I think the worst case, even with that revision, is still O(n^2). In this case, the worst case is no longer a circle (which I agree is O(nlogn)). The worst case would be if all remaining points (after you find the initial four) lie along a line parallel to one of the hull sides, i.e. if the distance of all remaining points is the same. So imagine a diamond with a line (outside the diamond) parallel to one side of the diamond.

In this case, examining the points deemed outside the segment on the previous recursive check would only decrease the size of the array of points by 1 each time.

The first three recursive statements end in one step, so they are O(n) each; the last recursive statement, however, would check n points; then, it would find that n-1 (n-4, actually, but n-1 for illustration purposes) points remain outside the line; it would pass this array into the next recursive call, which then finds that n-2 points remain outside, then n-3, etc.

Thus, the algorithm performs n+(n-1)+(n-2)+(n-3)+...+(n-k) checks. This turns out to be the sum from 1 to n, which is n(1+n)/2, which simplifies into n^2.

In more rigorous terms, the recurrence relation for that recursive statement is:

T(n) = n + T(n-1) + 1; T(1) = 1
T(n) = n + [ (n-1) + T(n-2) + 1] + 1
T(n) = n + (n-1) + (n-2) + (n-3) + ... + (n-k) + k
when k = n,
T(n) = n + (n-1) + (n-2) + (n-3) + ... + (1) + n= n(1+n)/2 + n

and that simplifies into n^2. It's been a while since I could be wrong. Sorry I'm being "that guy"...but this is what happens when you're a bored ex-CS major.



Does the denominator variable in distanceFromPointToSegment become zero if you only find three initial points (i.e. p1=p2)? Does that cause a divide by zero error in the next line?


Andrew W

No worries at all about being "that guy". I really appreciate all the comments - you can be sure that everything you've mentioned I've taken seriously.

I'd first like to address your comment about the algorithm degenerating down to n^2 when you have a parallel line along one of the 4 edges once you've created the diamond shape. Let me walk you through what would happen:

Assuming we have a line of 50 points along the top right line running parallel. The algorithm would loop through all of these points. BUT, since they all have the same distance from the segment, it would grab the first point and move to the next step.
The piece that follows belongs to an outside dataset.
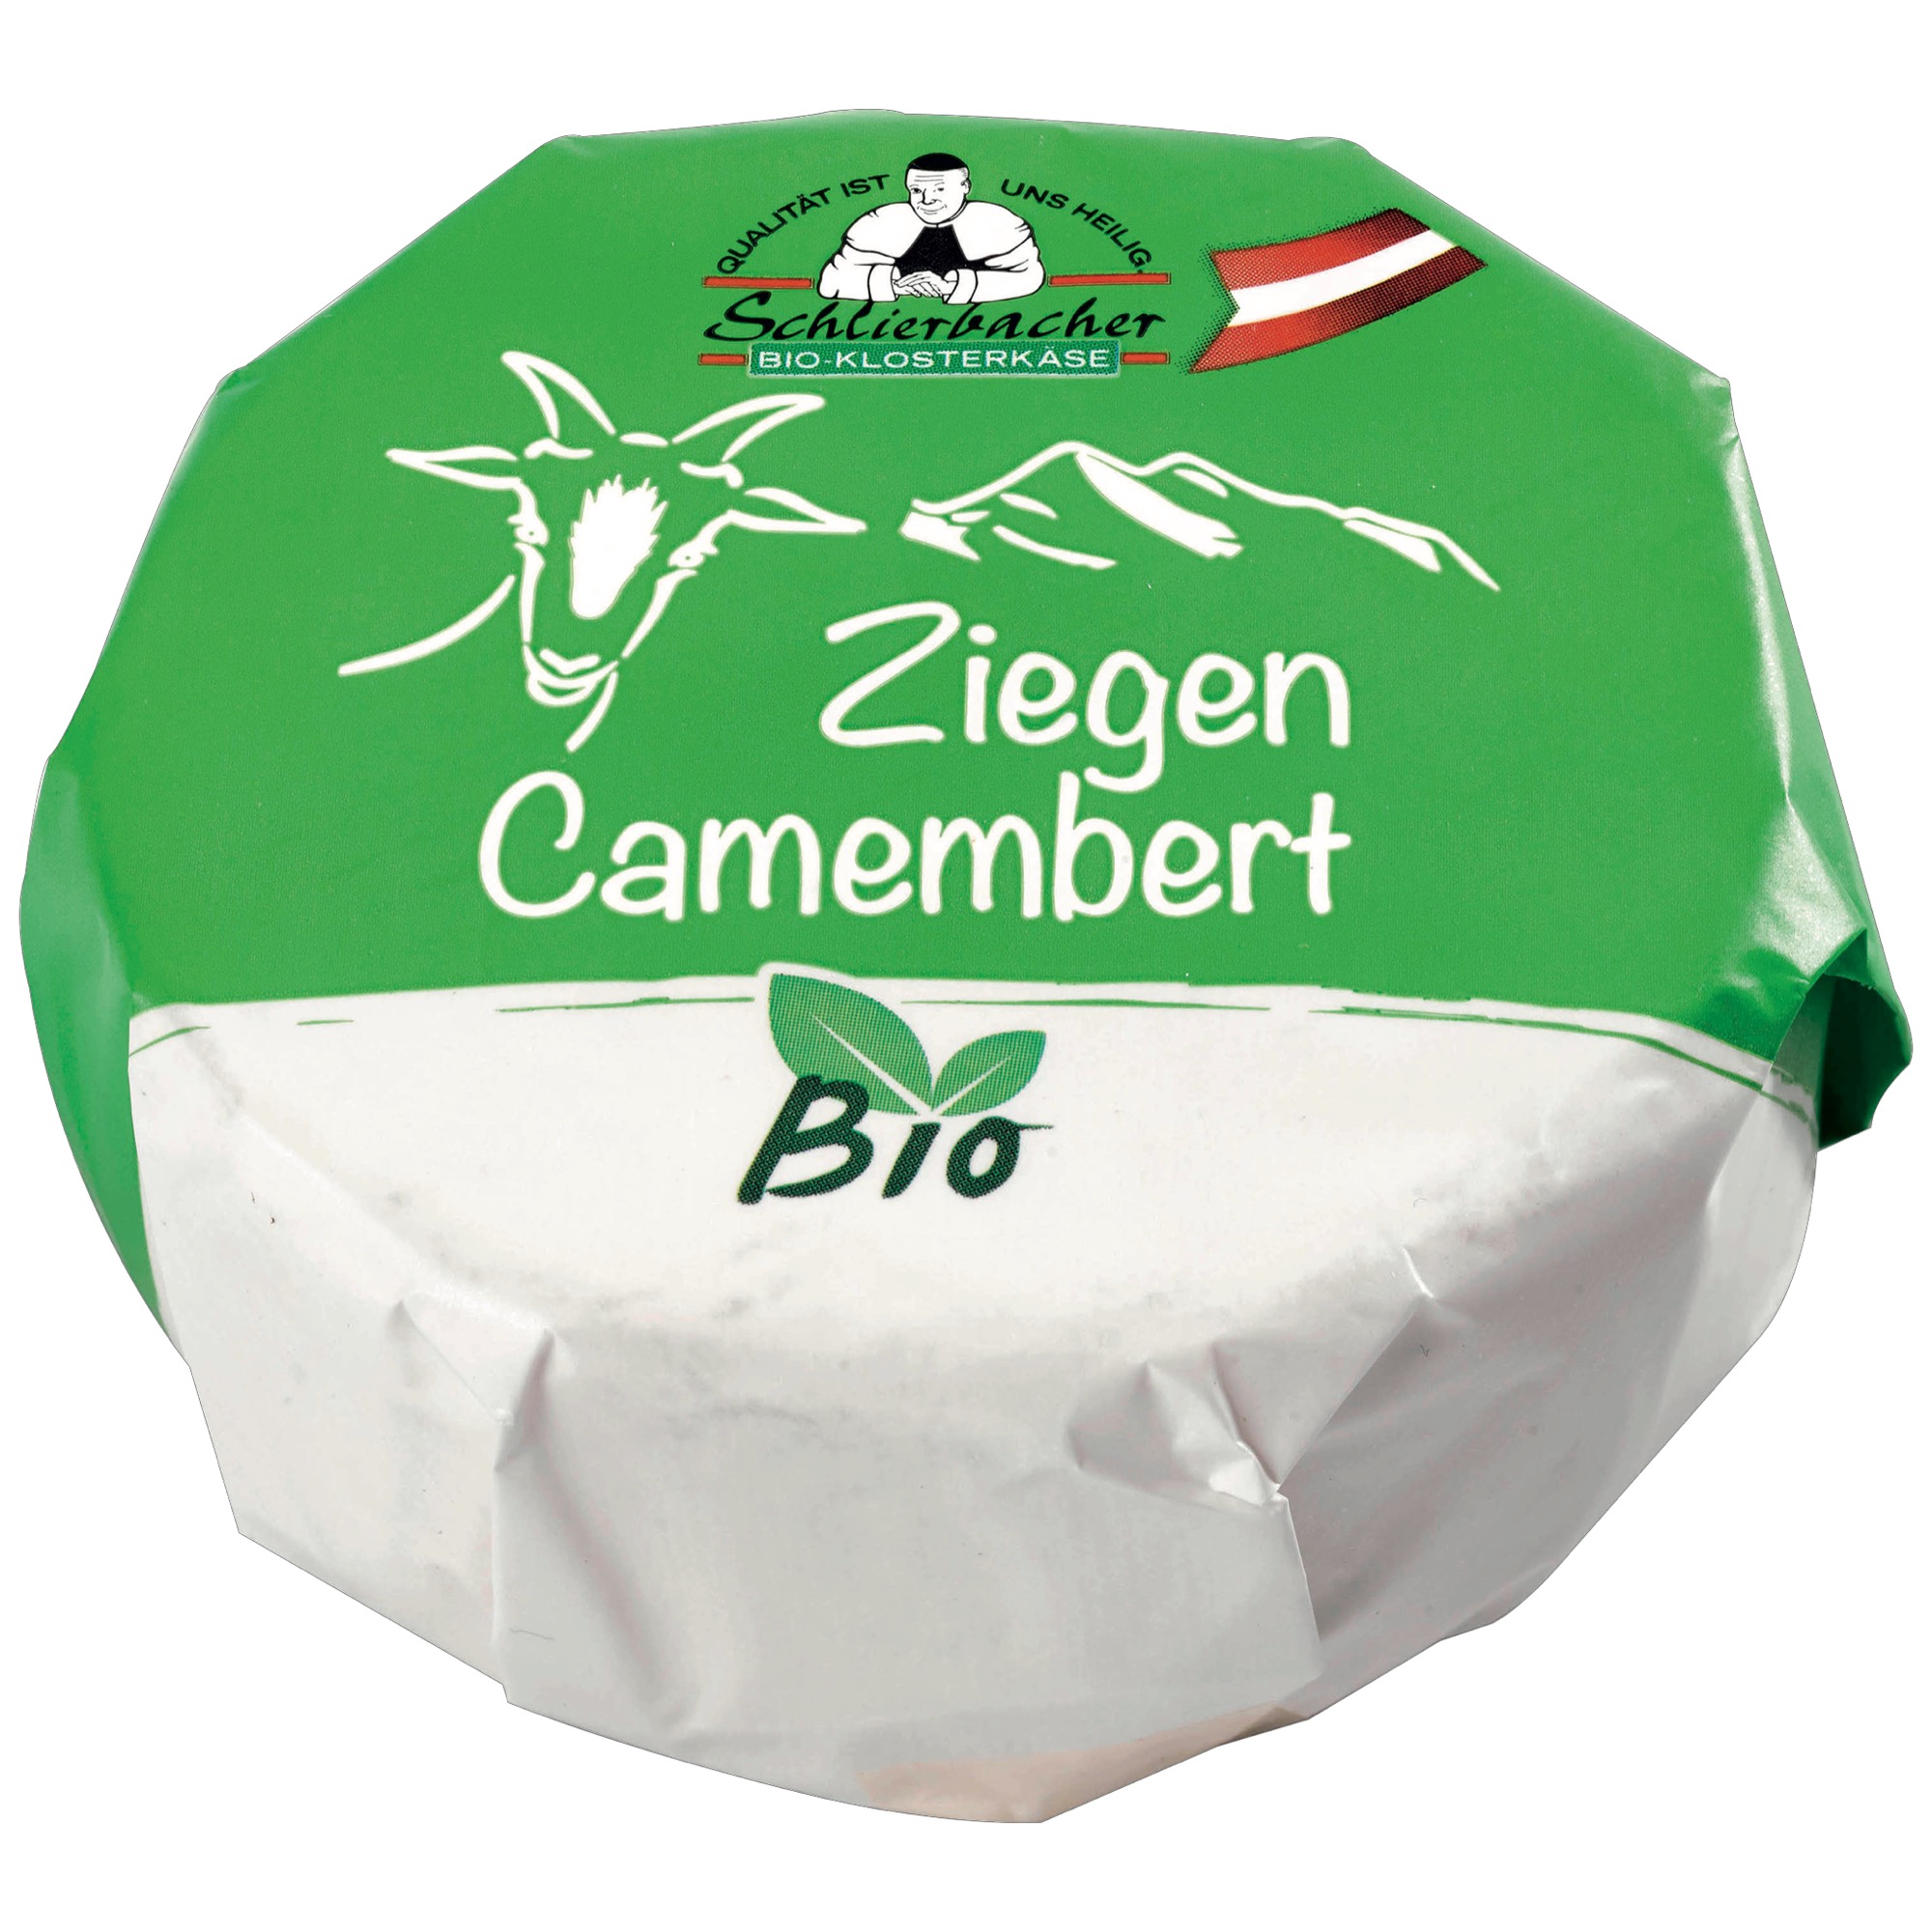 Schlierbacher bio kozí camembert 100g

The left side of that Inner loop would have no outer points so it would exit. The right side would no longer be parallel to that list of points. Instead, it would see the last point in that line of points as the furthest. It would grab that point and move on into the recursion. At this point, there is nothing along the outside of the segment, so the recursion ends. It would not loop over the points again.

This presents an interesting problem. It didn't grab all of the points. But, it still outputted the correct line segments. Is this a problem? I guess it depends on the desired output. If you want every point that the hull would use, my algorithm fails. (But does it? Sure, the line runs along all the points, but the hull doesn't "wrap" around any of those points, so saying they aren't included in the outer hull may be justified) If the output you want is solely the shape of the hull, my algorithm still works. If the output you want is the actual points included in the outer hull, my results may be argued incomplete.
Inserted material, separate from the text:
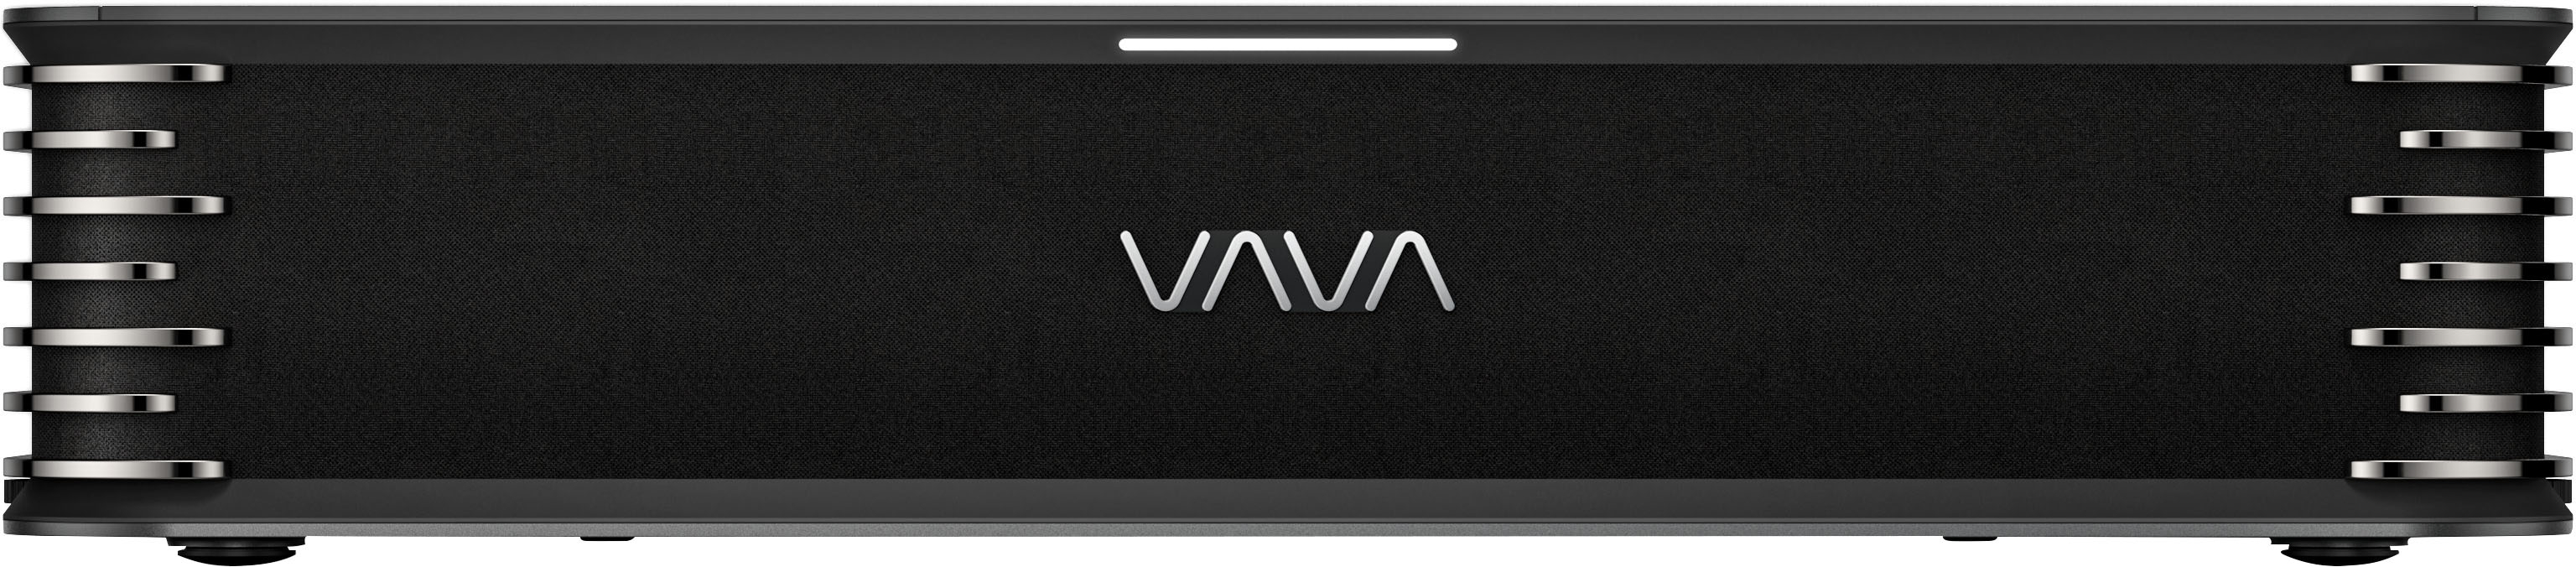 Angle View: VAVA - ALPD 4.0 Ultra Short Throw Triple Laser Chroma Projector - Black

Regarding your comment about the denominator being zero never happens, but is presenting yet another corner case I hadn't considered =). I'll look into it further.



I hate being wrong.


Andrew W

No worries - happens to the best of us. It's good that you're helping me get all the corner cases worked out. My next goal is to take this algorithm up to the third dimension maintaining time-efficiency and ultimately up to 'n' dimensions, so getting all the bugs worked out while I'm still down here in 2d land is helping immensely.
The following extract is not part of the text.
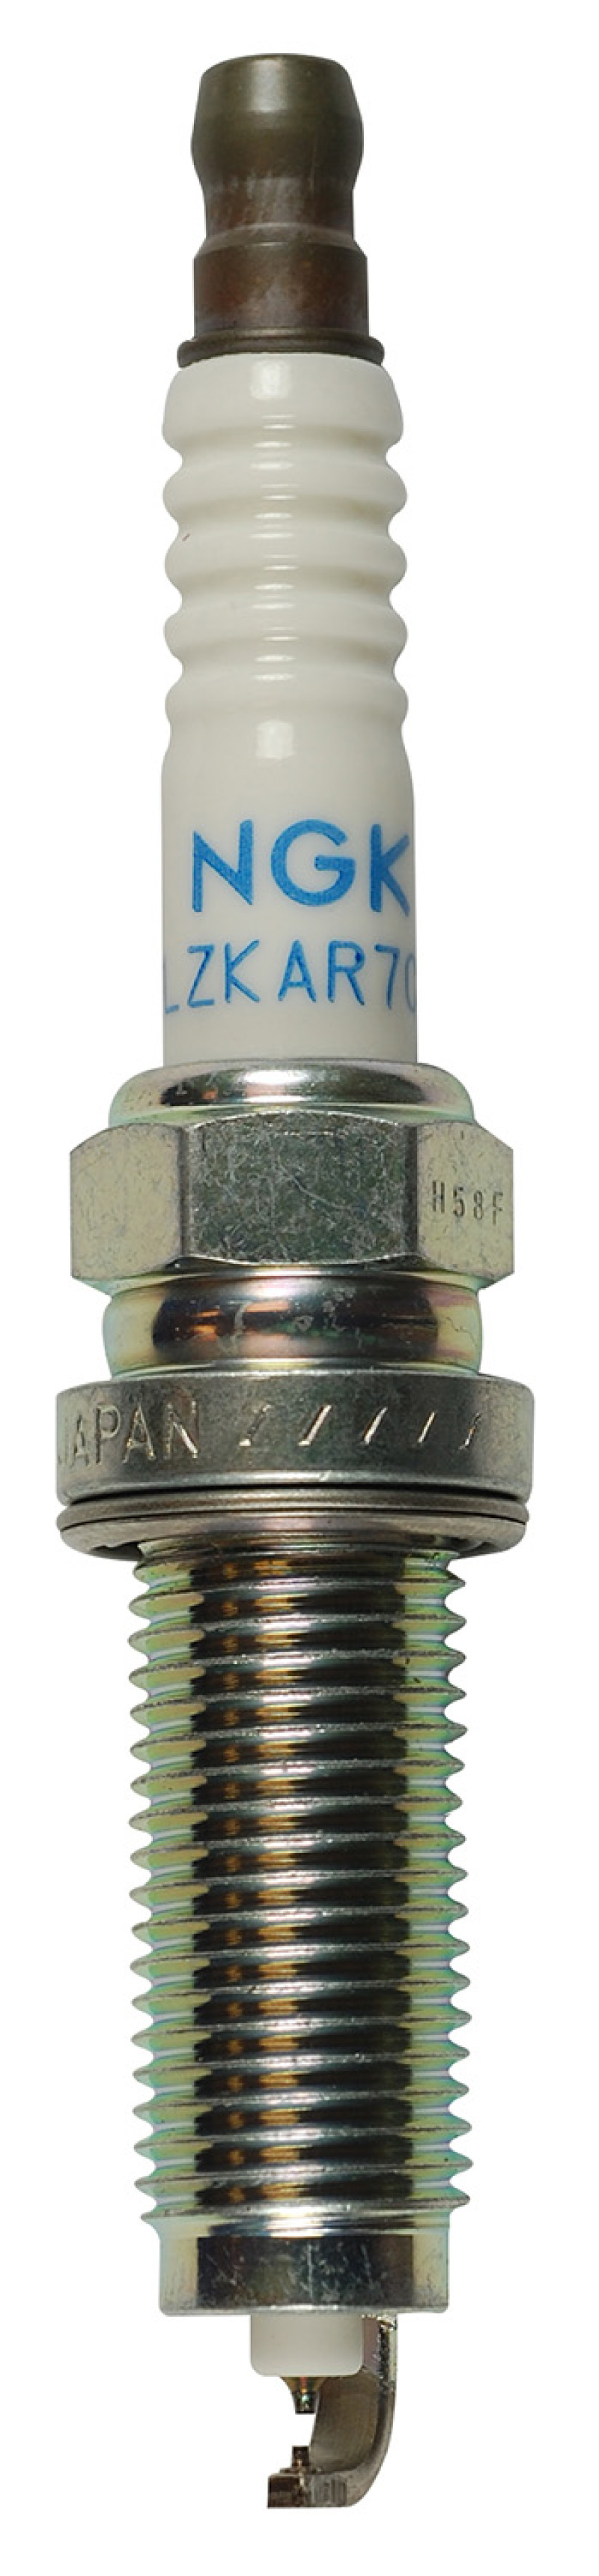 NGK Laser Iridium Spark Plug Box of 4 (DILZKAR7C11S) - 90137

Hm, so actually the case of perpetually unbalanced sides does's not as I described earlier -- it's the far more ridiculous case in which the points lie along a quarter-circle, but only along midpoints biased on one side of the arc-midpoint (if that makes any sense at all). So if you're traveling from pi/2 to 0 along an arc, having points at pi/4, then pi/8, then pi/16, then pi/32, etc. would cause the algorithm to enter an n + (n-1) + (n-2) + ... + 1 recurrence relation. But that sort of data is too highly organized to be realistic.